= Callon of Epidaurus =

2nd-century BC Greek transgender man

Callon (born Callo; fl. 2nd century BC) was an intersex person, whose medical treatment is the first recorded example of gender affirmation surgery. His life is known from the works of Diodorus Siculus.

== Biography ==
Callon was born in Epidaurus in Greece, during the second half of the second century BC. The details known about Callon's life appear in the Bibliotheca Historica written by Diodorus Siculus. Assigned female at birth, he is described by Diodorus Siculus as an orphan, who was forced to marry when he "came of age" and lived with his husband for two years. Laura Pfunter interprets Callon's age before marriage as 'pre-pubescent'. Diodorus Siculus reported he had heard that Callon was a priestess prior to his marriage.

Although little is known about Callon's married life, Diodorus Siculus recorded that Callon was "not capable of natural Embraces as a Woman" and was forced "to endure those [embraces] that were preternatural, or besides nature". It is recorded that during the marriage, a tumour in Callon's groin became prominent and painful, but no doctors would treat it. However, eventually an apothecary offered to treat him and incised the tumour; from the tumour "a man's privates were protruded, namely testicles and an imperforate penis". The apothecary then proceeded to open the glans and make a passage for the urethra, using a silver catheter to drain the wound and then stitched the wound together. The apothecary charged twice the amount for his services since "he had received a female invalid and made her into a healthy young man".

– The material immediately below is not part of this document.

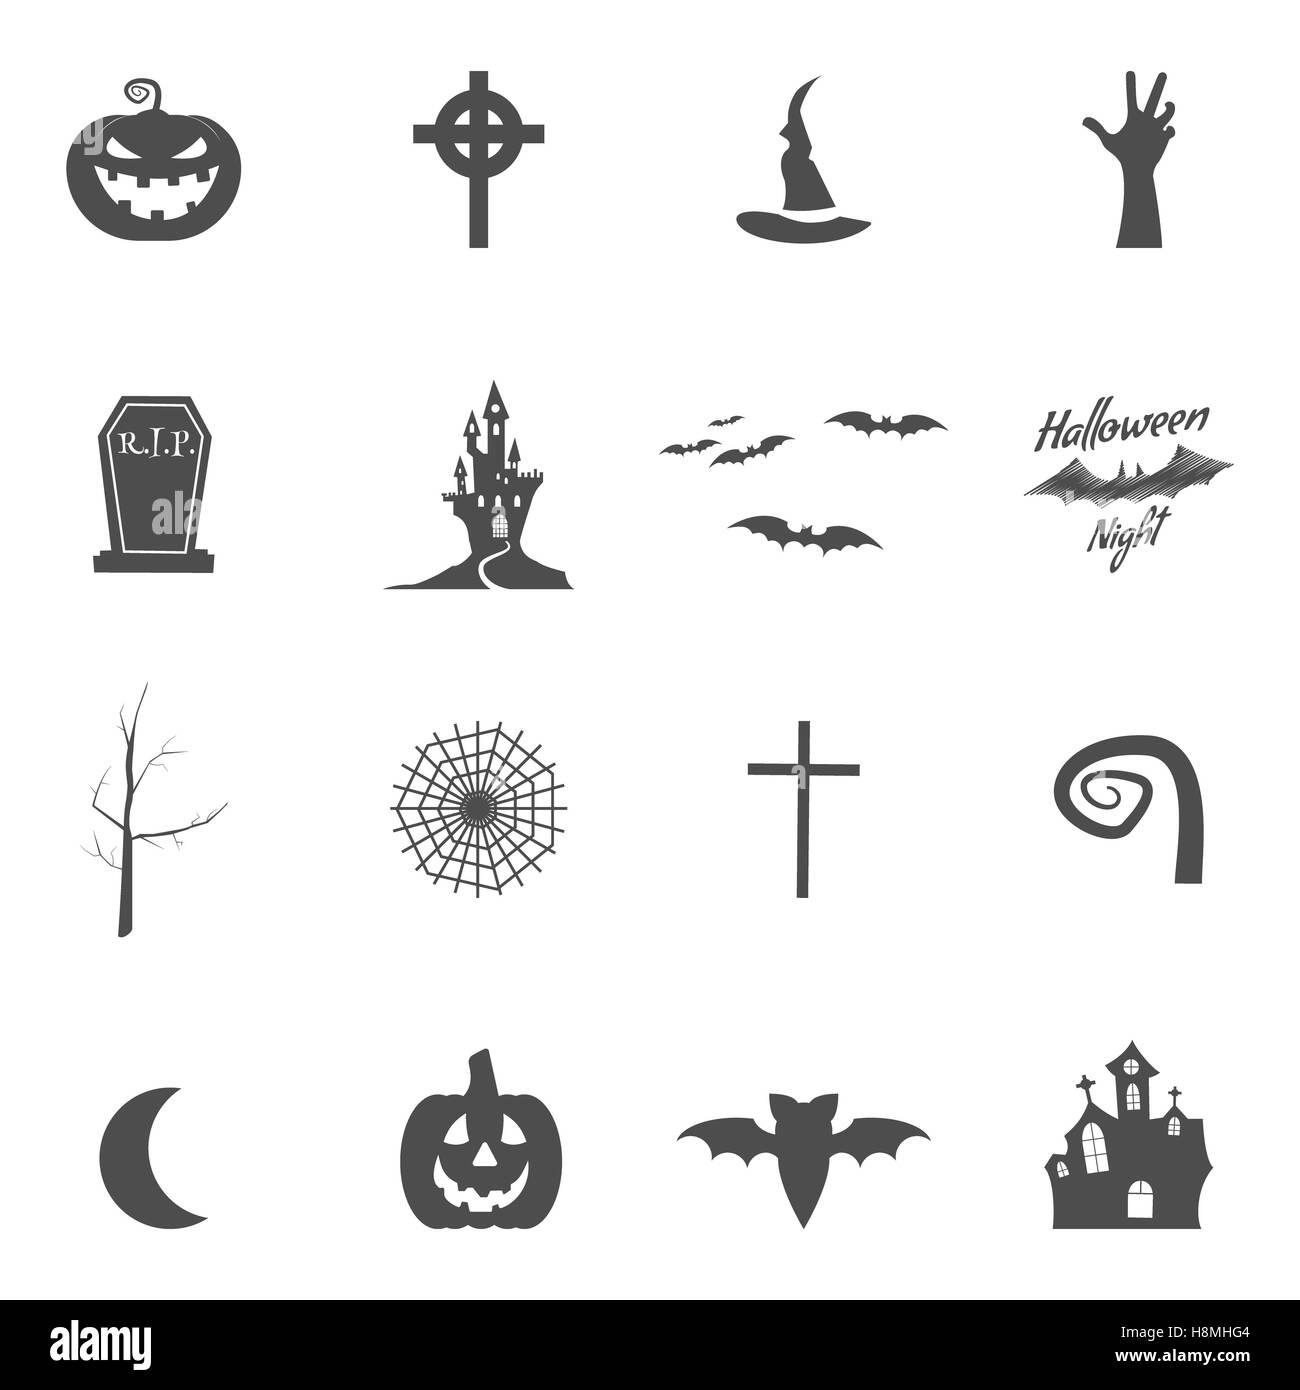 Set Of Halloween Design Creation Tool Kit Icons Isolate Silhouette

After his recovery, Callon changed his birthname of Callo to Callon and began to live as a man. Symbolically he cast aside his weaving equipment, which was strongly associated with women's work. After his transition, Callon was brought to trial since he had witnessed religious rituals which were exclusive to women, before he had transitioned.

== Historiography ==
In 2015 it was suggested that Callon's condition was most likely the intersex variant diagnosed nowadays as 46XY DSD. The surgery he underwent is the first recorded procedure of its type and differs little from modern techniques. Rebecca Langlands notes the medical significance in how Callon's transition is reported. For Luc Brisson the androgyny of Callon, and also Diophantus of Abae, is a natural phenomenon that can be solved by surgical intervention. Shaun Tougher observes that both Callon and Diophantus' lives are found "in the context of the Hellenistic east". Katharine T. von Stackelberg wrote that "hermaphrodism" was common enough to warrant its own laws.